Mas existe o perigoso, o terrível, o morno caminho do meio. Esse inventando por nós. Em poucas palavras seria: Eu quero: que Deus queira. Analisando bem percebemos que na confiança absoluta de Maria e mesmo na revolução infernal Deus ainda ocupa o primeiro lugar. Mas o homem tíbio é aquele que destrona Deus, e se coloca em primeiro lugar. Para o tíbio, para o que escolhe a terceira via já não é a vontade de Deus que deve ser a nossa, mas a nossa que deve ser a d'Ele. Se dizem que a ordem dos fatores não altera o produto, apresento aqui, pelo menos uma exceção à essa regra.
Porque aquele que quer fazer a vontade de Deus primeiro olha para Deus, para sua bondade, beleza, sabedoria, santidade e a partir daí busca a vontade de Deus em sua vida. Mas o que quer fazer a sua vida pensa em si, só em si, e reza para ter "a sorte" de que Deus também queira a mesma coisa. E chamará a isso com o nome de confiança: "Eu confio, eu tenho fé: Deus vai fazer como eu quero!"
Como nem sempre isso acontece, o dito confiante oscila entre a confiança e o semi-ateísmo, duvidando ou de Deus mesmo, ou de sua Bondade, ou de sua Providência, ou de seu Amor quando as vontades se chocam.
É o caso em que a "fé" faz mal. 
Não a Fé, virtude teologal infusa em nossas almas etc..., mas o pensamento positivo que quase todo mundo confunde com a fé. Nessas horas, o "confiante" pensa: pois bem, se Deus abriu o Mar Vermelho, Ele bem poderia fazer meu ônibus chegar na hora. Ou, se Ele pode ressuscitar o filho da viúva de Naim, ele poderia agora tirar as pedrinhas que descobri que tenho na minha vesícula. E, no caso desses "milagres" não acontecerem comigo, a minha falsa fé faz o efeito contrário do que faria a verdadeira fé.
A verdadeira fé leva a "beijar a mão que nos fere", ou seja de silenciosamente nos recolhermos em Deus confiando num amor que, na nossa visão limitada, parece não existir, numa providência que, na nossa visão limitada, parece ter nos abandonado.
A "confiança" do falso confiante se transforma facilmente em decepção e amargura, e isso pelo simples fato de que nessa "confiança" é ele quem ocupa o primeiro lugar. É a sua vontade que deve ser a vontade de Deus...
Enquanto escrevo e talvez você enquanto lê, pode ter parecido que o falso confiante e o mimado são exatamente a mesma coisa.
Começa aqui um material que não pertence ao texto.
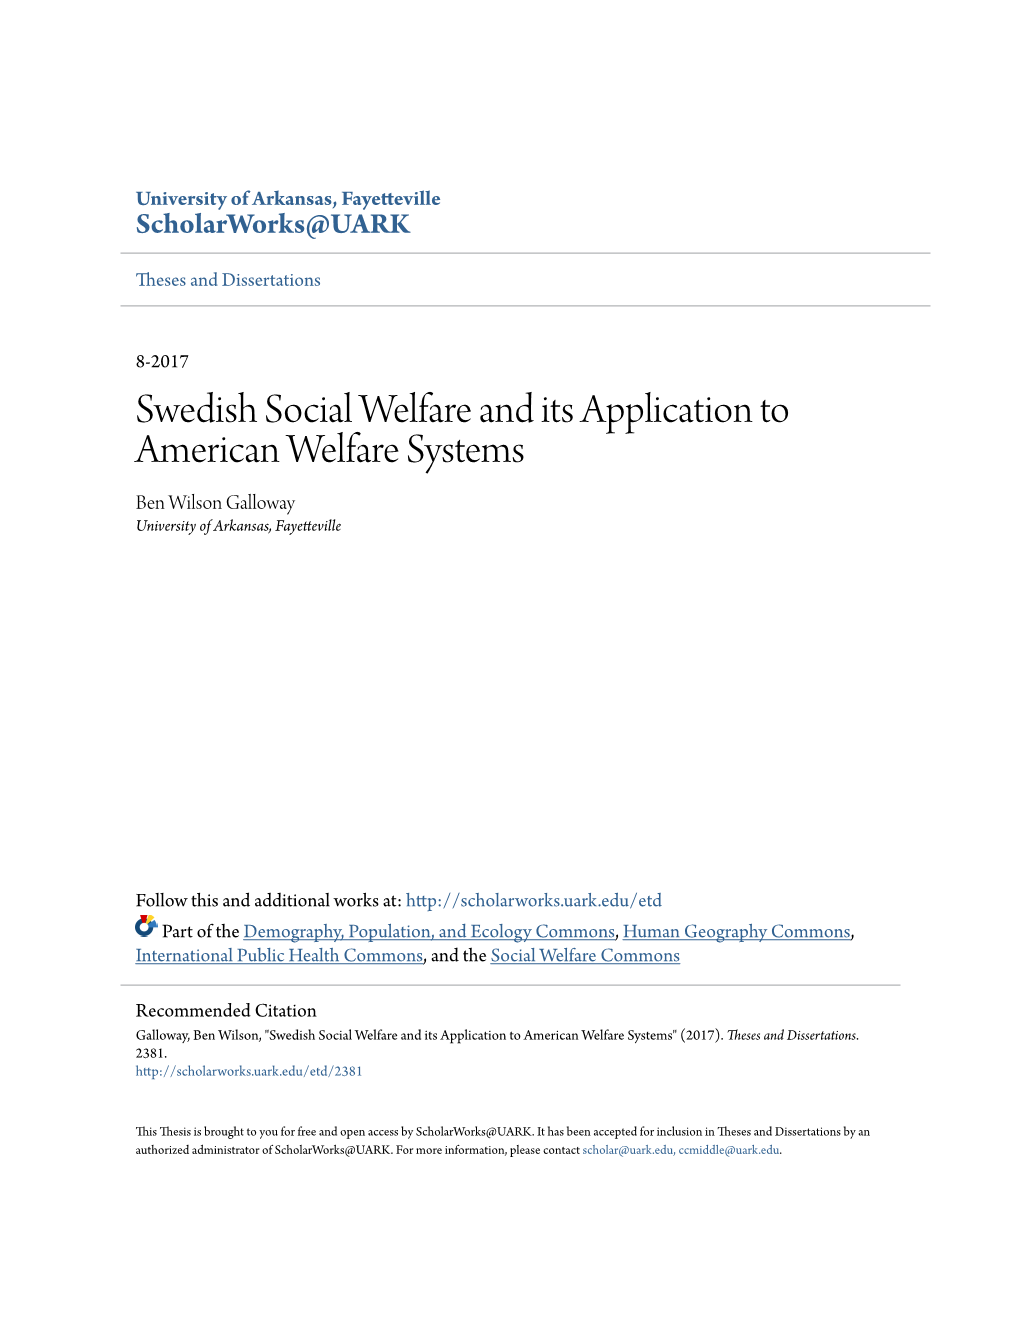 Swedish Social Welfare and Its Application to American Welfare Systems Ben Wilson Galloway University of Arkansas, Fayetteville

E peço desculpas por gastar tanto do seu tempo para dizer simplesmente que sim.
O mimado trata a Deus no mesmo segmento mental que trata os pais, o marido, a esposa, os amigos: "não fez o que eu quero, logo não gosta de mim". Não é à toa que S. Paulo chama-nos constantemente à maturidade da fé que é incrivelmente sinônimo de infância espiritual, de abandono em Deus, como um neném que aceita tudo que vêm da mãe: se ela me deu, é bom. Se ela quer, eu quero. Ainda que às vezes faça uma careta, ou reclame um pouquinho. 
Queridos amigos, peçamos nesses dias de Natal não apenas a confiança em Maria, mas sobretudo a confiança de Maria.